**What is needed:**
Please write out the data below once more, exactly as it stands.

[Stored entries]
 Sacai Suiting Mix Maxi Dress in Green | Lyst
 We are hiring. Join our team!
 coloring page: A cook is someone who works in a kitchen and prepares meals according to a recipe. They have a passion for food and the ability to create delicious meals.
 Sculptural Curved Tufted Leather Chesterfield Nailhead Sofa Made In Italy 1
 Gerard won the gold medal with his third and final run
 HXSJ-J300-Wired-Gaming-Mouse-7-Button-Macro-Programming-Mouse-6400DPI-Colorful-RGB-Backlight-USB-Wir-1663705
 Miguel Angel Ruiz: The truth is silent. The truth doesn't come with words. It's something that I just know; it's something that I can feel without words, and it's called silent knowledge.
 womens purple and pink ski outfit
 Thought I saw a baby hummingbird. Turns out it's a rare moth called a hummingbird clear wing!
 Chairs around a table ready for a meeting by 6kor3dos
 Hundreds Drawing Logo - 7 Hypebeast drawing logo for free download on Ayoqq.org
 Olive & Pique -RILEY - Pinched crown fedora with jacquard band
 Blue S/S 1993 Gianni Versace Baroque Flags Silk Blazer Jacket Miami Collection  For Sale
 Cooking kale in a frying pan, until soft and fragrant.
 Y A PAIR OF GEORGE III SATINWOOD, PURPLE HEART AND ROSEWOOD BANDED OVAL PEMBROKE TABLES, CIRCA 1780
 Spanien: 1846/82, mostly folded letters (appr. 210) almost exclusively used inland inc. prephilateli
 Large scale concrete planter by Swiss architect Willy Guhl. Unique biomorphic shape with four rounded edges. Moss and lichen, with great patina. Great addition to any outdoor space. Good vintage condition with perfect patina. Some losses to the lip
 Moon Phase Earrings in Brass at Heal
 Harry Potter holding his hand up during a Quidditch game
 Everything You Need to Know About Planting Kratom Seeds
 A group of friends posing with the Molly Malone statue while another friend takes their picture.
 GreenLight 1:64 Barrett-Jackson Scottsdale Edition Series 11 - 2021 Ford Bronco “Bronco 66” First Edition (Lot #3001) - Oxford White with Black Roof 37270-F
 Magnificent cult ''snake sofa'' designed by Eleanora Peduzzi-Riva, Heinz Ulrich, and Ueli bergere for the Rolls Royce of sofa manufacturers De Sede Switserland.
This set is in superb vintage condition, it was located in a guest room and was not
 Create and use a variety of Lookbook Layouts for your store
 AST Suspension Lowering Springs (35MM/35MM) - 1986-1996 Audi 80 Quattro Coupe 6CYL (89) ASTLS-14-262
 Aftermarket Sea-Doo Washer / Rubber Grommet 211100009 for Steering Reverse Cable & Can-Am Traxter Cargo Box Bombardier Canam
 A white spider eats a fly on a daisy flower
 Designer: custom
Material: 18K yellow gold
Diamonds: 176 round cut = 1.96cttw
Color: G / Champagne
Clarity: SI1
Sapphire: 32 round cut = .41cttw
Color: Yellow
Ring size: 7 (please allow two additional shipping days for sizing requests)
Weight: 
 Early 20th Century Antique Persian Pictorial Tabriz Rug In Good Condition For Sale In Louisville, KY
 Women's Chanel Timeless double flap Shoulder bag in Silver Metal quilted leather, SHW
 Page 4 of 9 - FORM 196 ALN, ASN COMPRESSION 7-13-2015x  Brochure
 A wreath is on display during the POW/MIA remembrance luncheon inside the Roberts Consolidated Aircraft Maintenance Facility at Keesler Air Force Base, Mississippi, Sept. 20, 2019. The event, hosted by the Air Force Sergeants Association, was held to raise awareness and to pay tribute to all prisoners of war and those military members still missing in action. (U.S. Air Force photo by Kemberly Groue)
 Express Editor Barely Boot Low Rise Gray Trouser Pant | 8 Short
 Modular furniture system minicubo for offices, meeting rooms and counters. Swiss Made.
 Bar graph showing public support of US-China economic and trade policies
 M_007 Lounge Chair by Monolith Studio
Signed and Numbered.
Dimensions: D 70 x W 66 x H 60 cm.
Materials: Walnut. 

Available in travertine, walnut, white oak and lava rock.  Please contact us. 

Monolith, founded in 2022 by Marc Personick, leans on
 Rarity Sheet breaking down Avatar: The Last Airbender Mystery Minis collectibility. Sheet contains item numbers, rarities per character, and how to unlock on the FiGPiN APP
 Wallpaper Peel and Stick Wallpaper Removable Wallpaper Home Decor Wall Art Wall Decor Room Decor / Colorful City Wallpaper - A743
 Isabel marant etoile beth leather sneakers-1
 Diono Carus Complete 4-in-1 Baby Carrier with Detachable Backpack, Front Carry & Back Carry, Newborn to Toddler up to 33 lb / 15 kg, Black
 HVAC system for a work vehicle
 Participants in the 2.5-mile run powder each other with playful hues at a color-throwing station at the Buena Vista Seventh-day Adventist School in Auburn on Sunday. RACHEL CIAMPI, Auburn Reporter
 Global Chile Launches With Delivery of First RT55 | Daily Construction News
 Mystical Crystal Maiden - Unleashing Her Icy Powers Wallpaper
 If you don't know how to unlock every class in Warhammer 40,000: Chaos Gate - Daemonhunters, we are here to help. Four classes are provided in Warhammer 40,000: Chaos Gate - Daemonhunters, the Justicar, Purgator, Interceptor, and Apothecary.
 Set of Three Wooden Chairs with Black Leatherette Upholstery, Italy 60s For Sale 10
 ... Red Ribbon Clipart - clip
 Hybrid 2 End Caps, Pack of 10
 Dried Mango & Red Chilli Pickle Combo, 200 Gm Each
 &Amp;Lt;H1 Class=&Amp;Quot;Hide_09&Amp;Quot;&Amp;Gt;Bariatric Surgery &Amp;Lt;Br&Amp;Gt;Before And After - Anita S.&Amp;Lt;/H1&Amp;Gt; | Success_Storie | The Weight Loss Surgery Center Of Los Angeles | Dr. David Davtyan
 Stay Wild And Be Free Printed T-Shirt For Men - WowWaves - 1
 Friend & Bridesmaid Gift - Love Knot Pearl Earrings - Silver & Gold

**Expected answer:**
 Sacai Suiting Mix Maxi Dress in Green | Lyst
 We are hiring. Join our team!
 coloring page: A cook is someone who works in a kitchen and prepares meals according to a recipe. They have a passion for food and the ability to create delicious meals.
 Sculptural Curved Tufted Leather Chesterfield Nailhead Sofa Made In Italy 1
 Gerard won the gold medal with his third and final run
 HXSJ-J300-Wired-Gaming-Mouse-7-Button-Macro-Programming-Mouse-6400DPI-Colorful-RGB-Backlight-USB-Wir-1663705
 Miguel Angel Ruiz: The truth is silent. The truth doesn't come with words. It's something that I just know; it's something that I can feel without words, and it's called silent knowledge.
 womens purple and pink ski outfit
 Thought I saw a baby hummingbird. Turns out it's a rare moth called a hummingbird clear wing!
 Chairs around a table ready for a meeting by 6kor3dos
 Hundreds Drawing Logo - 7 Hypebeast drawing logo for free download on Ayoqq.org
 Olive & Pique -RILEY - Pinched crown fedora with jacquard band
 Blue S/S 1993 Gianni Versace Baroque Flags Silk Blazer Jacket Miami Collection  For Sale
 Cooking kale in a frying pan, until soft and fragrant.
 Y A PAIR OF GEORGE III SATINWOOD, PURPLE HEART AND ROSEWOOD BANDED OVAL PEMBROKE TABLES, CIRCA 1780
 Spanien: 1846/82, mostly folded letters (appr. 210) almost exclusively used inland inc. prephilateli
 Large scale concrete planter by Swiss architect Willy Guhl. Unique biomorphic shape with four rounded edges. Moss and lichen, with great patina. Great addition to any outdoor space. Good vintage condition with perfect patina. Some losses to the lip
 Moon Phase Earrings in Brass at Heal
 Harry Potter holding his hand up during a Quidditch game
 Everything You Need to Know About Planting Kratom Seeds
 A group of friends posing with the Molly Malone statue while another friend takes their picture.
 GreenLight 1:64 Barrett-Jackson Scottsdale Edition Series 11 - 2021 Ford Bronco “Bronco 66” First Edition (Lot #3001) - Oxford White with Black Roof 37270-F
 Magnificent cult ''snake sofa'' designed by Eleanora Peduzzi-Riva, Heinz Ulrich, and Ueli bergere for the Rolls Royce of sofa manufacturers De Sede Switserland.
This set is in superb vintage condition, it was located in a guest room and was not
 Create and use a variety of Lookbook Layouts for your store
 AST Suspension Lowering Springs (35MM/35MM) - 1986-1996 Audi 80 Quattro Coupe 6CYL (89) ASTLS-14-262
 Aftermarket Sea-Doo Washer / Rubber Grommet 211100009 for Steering Reverse Cable & Can-Am Traxter Cargo Box Bombardier Canam
 A white spider eats a fly on a daisy flower
 Designer: custom
Material: 18K yellow gold
Diamonds: 176 round cut = 1.96cttw
Color: G / Champagne
Clarity: SI1
Sapphire: 32 round cut = .41cttw
Color: Yellow
Ring size: 7 (please allow two additional shipping days for sizing requests)
Weight: 
 Early 20th Century Antique Persian Pictorial Tabriz Rug In Good Condition For Sale In Louisville, KY
 Women's Chanel Timeless double flap Shoulder bag in Silver Metal quilted leather, SHW
 Page 4 of 9 - FORM 196 ALN, ASN COMPRESSION 7-13-2015x  Brochure
 A wreath is on display during the POW/MIA remembrance luncheon inside the Roberts Consolidated Aircraft Maintenance Facility at Keesler Air Force Base, Mississippi, Sept. 20, 2019. The event, hosted by the Air Force Sergeants Association, was held to raise awareness and to pay tribute to all prisoners of war and those military members still missing in action. (U.S. Air Force photo by Kemberly Groue)
 Express Editor Barely Boot Low Rise Gray Trouser Pant | 8 Short
 Modular furniture system minicubo for offices, meeting rooms and counters. Swiss Made.
 Bar graph showing public support of US-China economic and trade policies
 M_007 Lounge Chair by Monolith Studio
Signed and Numbered.
Dimensions: D 70 x W 66 x H 60 cm.
Materials: Walnut. 

Available in travertine, walnut, white oak and lava rock.  Please contact us. 

Monolith, founded in 2022 by Marc Personick, leans on
 Rarity Sheet breaking down Avatar: The Last Airbender Mystery Minis collectibility. Sheet contains item numbers, rarities per character, and how to unlock on the FiGPiN APP
 Wallpaper Peel and Stick Wallpaper Removable Wallpaper Home Decor Wall Art Wall Decor Room Decor / Colorful City Wallpaper - A743
 Isabel marant etoile beth leather sneakers-1
 Diono Carus Complete 4-in-1 Baby Carrier with Detachable Backpack, Front Carry & Back Carry, Newborn to Toddler up to 33 lb / 15 kg, Black
 HVAC system for a work vehicle
 Participants in the 2.5-mile run powder each other with playful hues at a color-throwing station at the Buena Vista Seventh-day Adventist School in Auburn on Sunday. RACHEL CIAMPI, Auburn Reporter
 Global Chile Launches With Delivery of First RT55 | Daily Construction News
 Mystical Crystal Maiden - Unleashing Her Icy Powers Wallpaper
 If you don't know how to unlock every class in Warhammer 40,000: Chaos Gate - Daemonhunters, we are here to help. Four classes are provided in Warhammer 40,000: Chaos Gate - Daemonhunters, the Justicar, Purgator, Interceptor, and Apothecary.
 Set of Three Wooden Chairs with Black Leatherette Upholstery, Italy 60s For Sale 10
 ... Red Ribbon Clipart - clip
 Hybrid 2 End Caps, Pack of 10
 Dried Mango & Red Chilli Pickle Combo, 200 Gm Each
 &Amp;Lt;H1 Class=&Amp;Quot;Hide_09&Amp;Quot;&Amp;Gt;Bariatric Surgery &Amp;Lt;Br&Amp;Gt;Before And After - Anita S.&Amp;Lt;/H1&Amp;Gt; | Success_Storie | The Weight Loss Surgery Center Of Los Angeles | Dr. David Davtyan
 Stay Wild And Be Free Printed T-Shirt For Men - WowWaves - 1
 Friend & Bridesmaid Gift - Love Knot Pearl Earrings - Silver & Gold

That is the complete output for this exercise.